Hi .. my friend owns (and hugely enjoys) his 590RS (2003) motorhome. However, there is one problem that has been bugging him for a while and for which he asked myself (as an electrical engineer) to take a look.

The problem is that the leisure batteries don't charge from the vehicle battery or engine. I've taken a look at all the fuses and checked (with a multimeter) that current drain for the van is close to zero with nothing switched on and is as expected from the various appliances. I've also temporarily disconnected the leisure battery and replaced it with vehicle battery and all is well, so I have to conclude that there is some connection from the vehicle battery which is bad (the in-line fuse and all connectors are good).

Looking at the wiring diagram, there appears to be a relay and three fuses which basically are at the point where the Fiat stuff gets connected to the van electrics. However, we just cannot find these anywhere. There are the six fuses at the back of the wardrobe but we just can't locate the relay and three other fuses which I suspect is where the fault lies.
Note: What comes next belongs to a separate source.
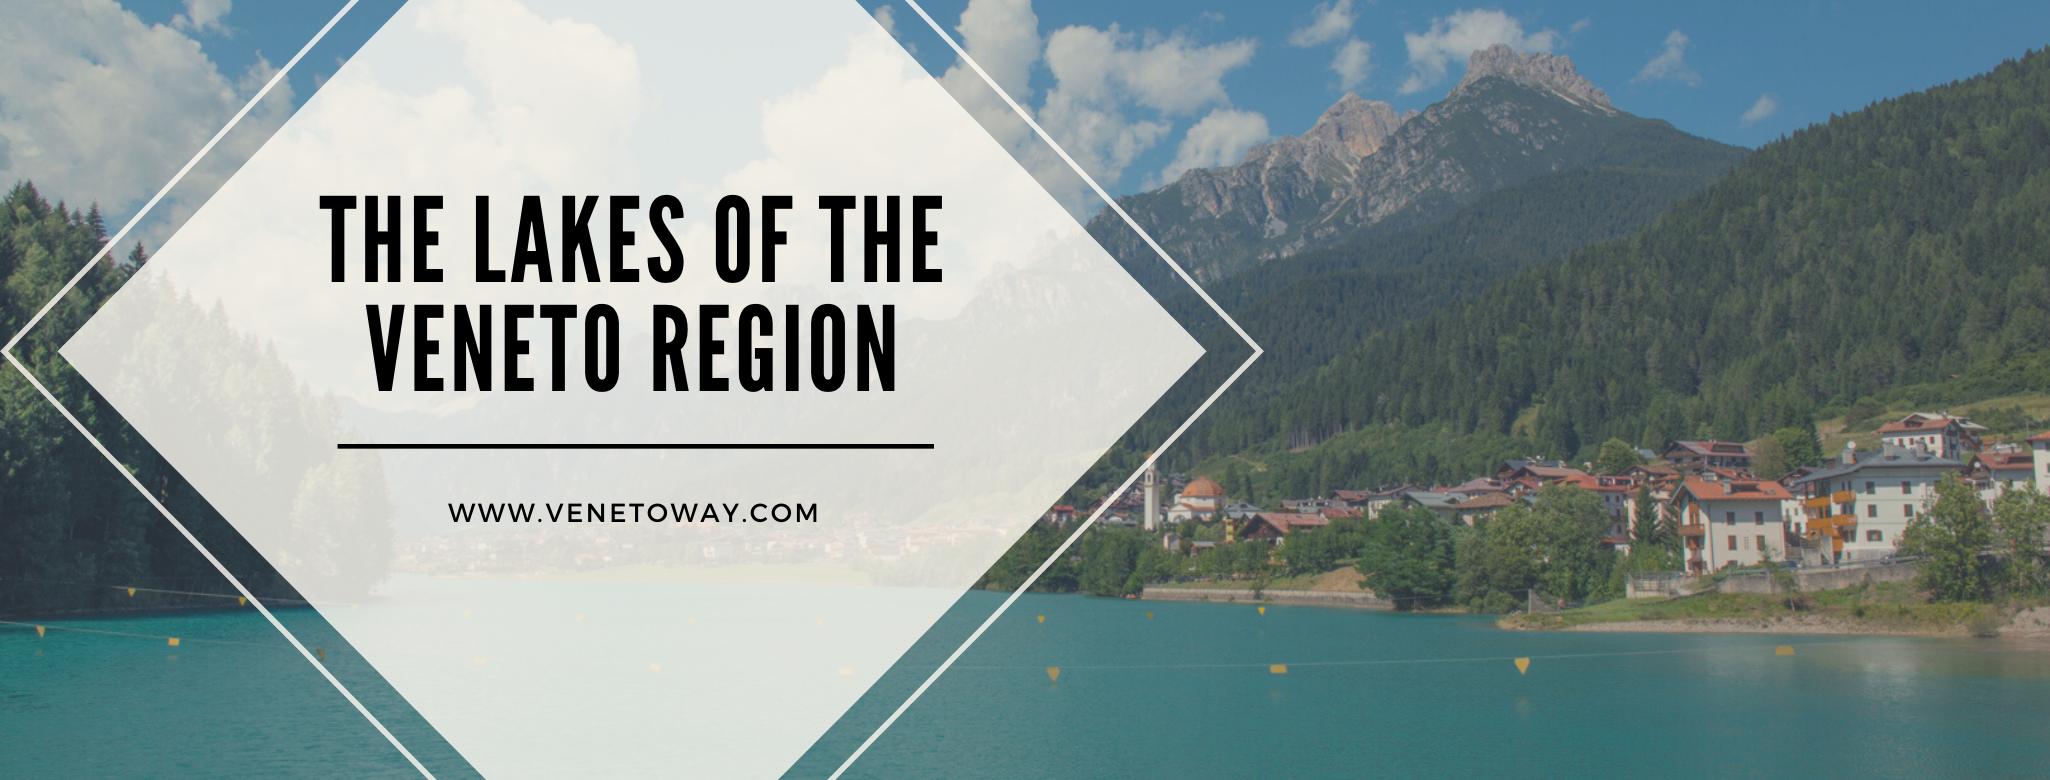 The Lakes of the Veneto Region

Can anyone help us to locate these please ?
Thanks
Ron


----------



## jonse (Nov 2, 2008)

*electrics*

on my sundance the fuses and relays are on the left of the main van battery under the bonnet hope this helps


----------



## CullodenMuir (Dec 11, 2005)

In my Swift there are fuses under the split charge relays, one of these supplies the fridge and door step and the other the leisure battery supply. You have to un-screw the relay bracket to get at the fuses.
The two split charge relays control the feeds to the fridge and the leisure battery.
Most likely to be a fuse as the relays are pretty reliable.
To locate these open the bonnet and the relays are just to the right of centre on top of the engine unit.
Good luck!


----------



## Pudsey_Bear (Sep 25, 2008)

Sounds like the voltage sensing relay, or one of it's connections, if that isn't right the rest can't.


----------



## Penquin (Oct 15, 2007)

Open the bonnet, look behind the air filter on top of the engine, there is a black box there which contains two relays and two fuses - one of those feeds the supply to the step and the other to the leisure battery and the fridge when the engine is running (the step one retracts it as soon as the engine starts).

It is almost tucked under the bulkhead just below the windscreen, why it was put there only the Swift design team could explain.....

Check those - the location is odd but that's where I was advised when our step wouldn't work when I joined MHF many years ago...... and the information was 100% accurate).

Dave


----------



## RB2108 (Jun 29, 2013)

Thanks guys ... my mate Colin managed to find the relay and fuses with your help and two of the three fuses were indeed blown. He's added a second leisure battery recently (just wired in parallel with the original) so I reckon that the extra charging current might just be enough to 'trip' the fuse. I've told him what to do if it happens again !

Cheers
Ron


----------